DATA SECTION »
::::::::::

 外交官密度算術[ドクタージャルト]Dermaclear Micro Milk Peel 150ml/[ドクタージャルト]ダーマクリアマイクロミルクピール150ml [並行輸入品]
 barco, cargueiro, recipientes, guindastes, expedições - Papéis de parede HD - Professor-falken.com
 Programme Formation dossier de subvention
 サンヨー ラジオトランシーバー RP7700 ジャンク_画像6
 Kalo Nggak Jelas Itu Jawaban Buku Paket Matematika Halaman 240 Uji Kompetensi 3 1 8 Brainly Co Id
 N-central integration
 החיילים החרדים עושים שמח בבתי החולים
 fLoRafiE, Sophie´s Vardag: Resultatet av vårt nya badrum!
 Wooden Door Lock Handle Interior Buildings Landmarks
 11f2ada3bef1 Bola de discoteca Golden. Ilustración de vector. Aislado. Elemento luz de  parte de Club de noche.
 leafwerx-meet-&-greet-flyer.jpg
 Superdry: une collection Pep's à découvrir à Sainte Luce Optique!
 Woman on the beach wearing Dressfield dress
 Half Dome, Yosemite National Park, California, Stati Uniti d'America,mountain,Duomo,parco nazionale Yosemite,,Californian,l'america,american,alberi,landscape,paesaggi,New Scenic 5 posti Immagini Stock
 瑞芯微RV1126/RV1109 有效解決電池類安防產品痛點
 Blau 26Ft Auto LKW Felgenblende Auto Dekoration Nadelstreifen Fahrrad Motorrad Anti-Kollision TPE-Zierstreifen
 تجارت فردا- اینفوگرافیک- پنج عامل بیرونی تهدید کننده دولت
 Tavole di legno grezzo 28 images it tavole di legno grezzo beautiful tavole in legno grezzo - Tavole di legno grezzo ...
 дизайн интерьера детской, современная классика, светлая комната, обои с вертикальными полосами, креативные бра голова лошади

::::::::::

TASK TO COMPLETE » The entries shown above should be duplicated exactly.

RESULT »
 外交官密度算術[ドクタージャルト]Dermaclear Micro Milk Peel 150ml/[ドクタージャルト]ダーマクリアマイクロミルクピール150ml [並行輸入品]
 barco, cargueiro, recipientes, guindastes, expedições - Papéis de parede HD - Professor-falken.com
 Programme Formation dossier de subvention
 サンヨー ラジオトランシーバー RP7700 ジャンク_画像6
 Kalo Nggak Jelas Itu Jawaban Buku Paket Matematika Halaman 240 Uji Kompetensi 3 1 8 Brainly Co Id
 N-central integration
 החיילים החרדים עושים שמח בבתי החולים
 fLoRafiE, Sophie´s Vardag: Resultatet av vårt nya badrum!
 Wooden Door Lock Handle Interior Buildings Landmarks
 11f2ada3bef1 Bola de discoteca Golden. Ilustración de vector. Aislado. Elemento luz de  parte de Club de noche.
 leafwerx-meet-&-greet-flyer.jpg
 Superdry: une collection Pep's à découvrir à Sainte Luce Optique!
 Woman on the beach wearing Dressfield dress
 Half Dome, Yosemite National Park, California, Stati Uniti d'America,mountain,Duomo,parco nazionale Yosemite,,Californian,l'america,american,alberi,landscape,paesaggi,New Scenic 5 posti Immagini Stock
 瑞芯微RV1126/RV1109 有效解決電池類安防產品痛點
 Blau 26Ft Auto LKW Felgenblende Auto Dekoration Nadelstreifen Fahrrad Motorrad Anti-Kollision TPE-Zierstreifen
 تجارت فردا- اینفوگرافیک- پنج عامل بیرونی تهدید کننده دولت
 Tavole di legno grezzo 28 images it tavole di legno grezzo beautiful tavole in legno grezzo - Tavole di legno grezzo ...
 дизайн интерьера детской, современная классика, светлая комната, обои с вертикальными полосами, креативные бра голова лошади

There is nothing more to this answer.